Idempotency is non-negotiable for production pipelines. Exactly-once semantics in streaming (Flink, Kafka transactions) provide stronger guarantees but at higher overhead. At-least-once + idempotent sinks is often a more pragmatic pattern.

Orchestration with Airflow

Apache Airflow is the de facto standard for batch pipeline orchestration. Core concepts:

DAG (Directed Acyclic Graph): A pipeline is defined as a DAG of tasks. Edges define dependencies — task B runs only after task A succeeds. DAGs are defined in Python code and version-controlled.
Scheduling: DAGs run on a cron-like schedule. Each scheduled run is a DAG run with a logical execution date. Airflow distinguishes between execution date (the period being processed) and run date (when the DAG actually ran) — important for data partitioning.
Retries and SLA alerts: Tasks can retry on failure with configurable backoff. SLA misses (tasks running longer than expected) trigger alerts via email or PagerDuty.
Backfill: Run a DAG for historical execution dates. airflow dags backfill --start-date 2024-01-01 --end-date 2024-01-31 my_dag processes 31 days of data, respecting task dependencies. Essential for bootstrapping new pipelines or recovering from outages.

Airflow’s weakness: it’s a scheduler and monitor, not an execution engine. It tells Spark to run a job but doesn’t run the Spark job itself. Scaling Airflow itself (the scheduler, workers, metadata database) is an operational burden for large organizations. Alternatives include Prefect, Dagster, and cloud-native orchestrators (AWS Step Functions, GCP Workflows).
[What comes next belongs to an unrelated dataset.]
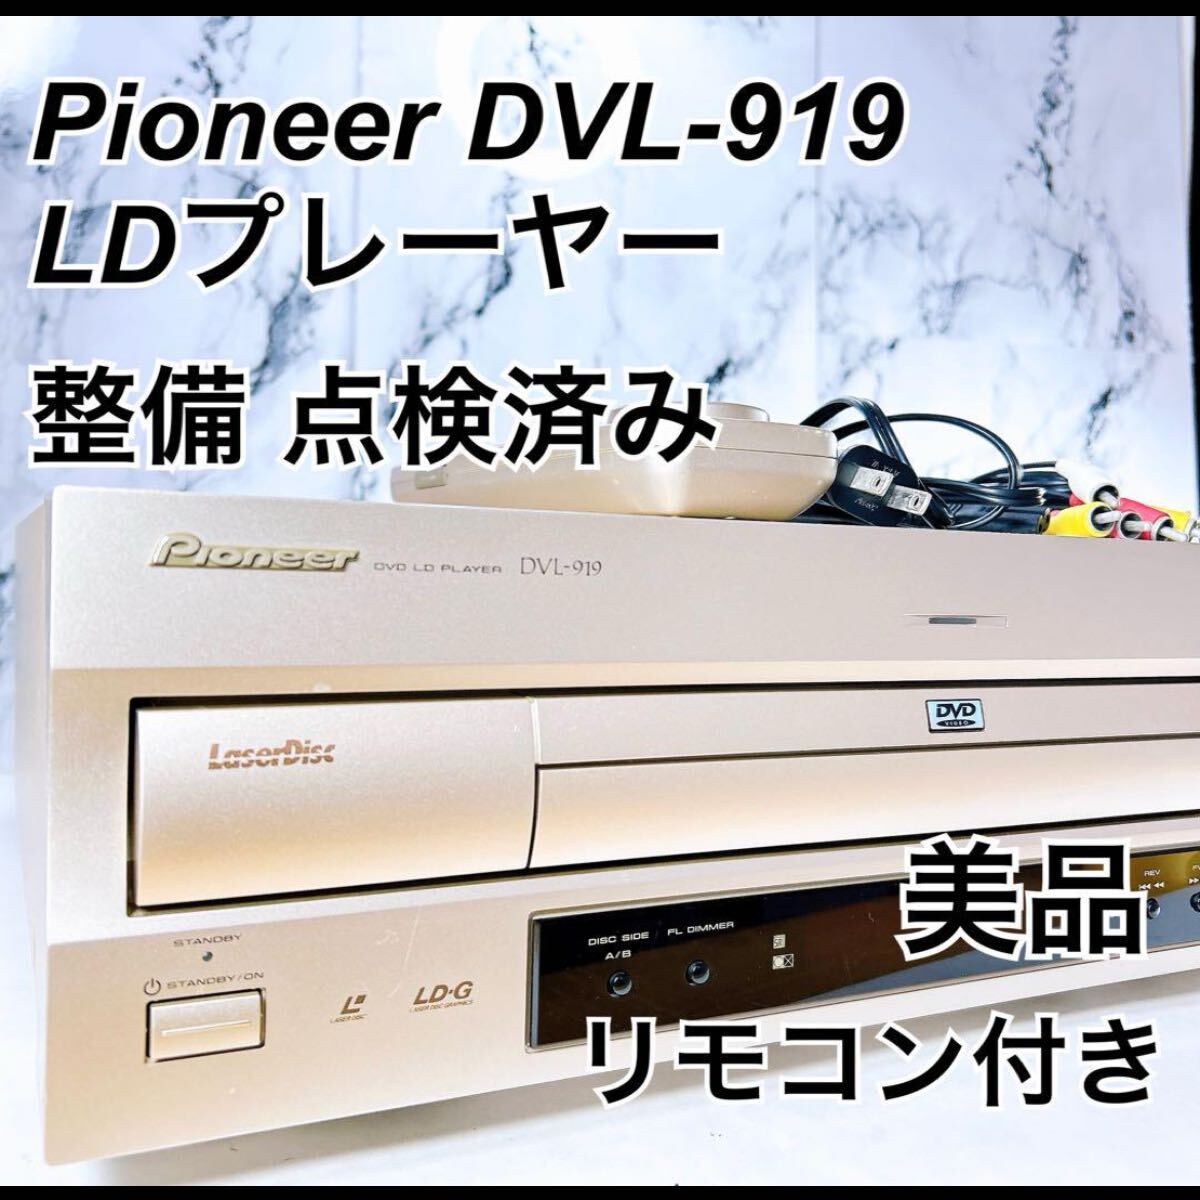 ★メンテナンス済み 美品★ Pioneer DVL-919 パイオニア LDプレーヤー レーザーディスクプレーヤー 純正リモコン付きの画像1
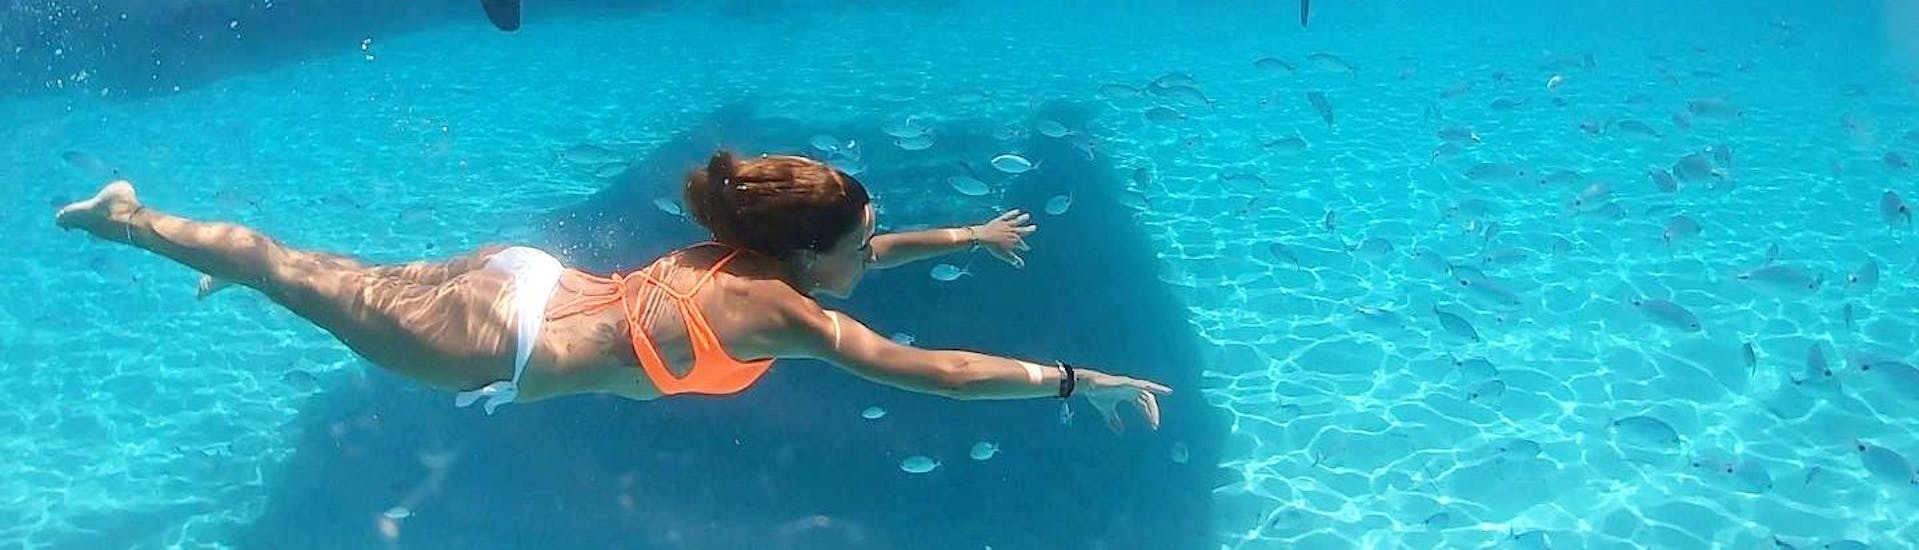 Nuotare in acque cristalline è possibile con la gita privata in catamarano al Parco dell'Asinara e La Pelosa con Buriana Charter.

Pipeline Observability and Data Contracts

Observability for data pipelines goes beyond "did the job complete":

Data freshness SLO: Define and alert on maximum acceptable age for each dataset. If the orders table hasn’t been updated in 2 hours, page the on-call engineer.
Row count anomaly detection: Track daily row counts per table. Flag drops or spikes beyond historical norms (e.g., 3-sigma deviation). Monte Carlo, Bigeye, and dbt tests implement this.
Schema drift alerts: Alert when columns are added, removed, or type-changed in source data. Schema drift is the #1 cause of silent data quality degradation.
Data lineage: Track which pipeline produced each dataset, from which sources, at what time. OpenLineage (open standard) + Marquez (lineage server) provide lineage collection and visualization. Lineage is essential for impact analysis: "if I change this source table, which 47 downstream dashboards break?"

Data contracts formalize the agreement between data producers and consumers: the schema, freshness SLA, and null/range constraints are documented and enforced. When a producer wants to make a breaking change, the contract forces coordination with downstream consumers before deployment. This shifts data quality left — catching issues at production time rather than when analysts discover corrupted dashboards.

dbt: Transformation as Code

dbt (data build tool) has become the standard for SQL-based data transformations in the warehouse. Key capabilities:

Modular SQL models: Each model is a SELECT statement saved as a .sql file. dbt handles DDL — it creates or replaces the target table/view. Models reference each other with {{ ref('model_name') }}, building an implicit DAG.
Tests: Built-in tests (not_null, unique, accepted_values, relationships) run as assertions after each build. Custom tests are SQL queries that return rows on failure.
Documentation: Column descriptions live in YAML files alongside SQL. dbt generates a searchable documentation site from these descriptions, including the lineage graph.
Lineage graph: dbt computes the full DAG of model dependencies and renders it visually. Instantly shows what breaks if a source model changes.

dbt runs in the warehouse — it pushes SQL to Snowflake, BigQuery, Redshift, or Databricks and lets the warehouse engine handle execution. This means it benefits from warehouse-scale compute without managing a separate Spark cluster for transformations. The combination of dbt (transformations) + Airflow (orchestration) + dbt tests (quality) + OpenLineage (lineage) covers most of a modern data platform’s operational needs.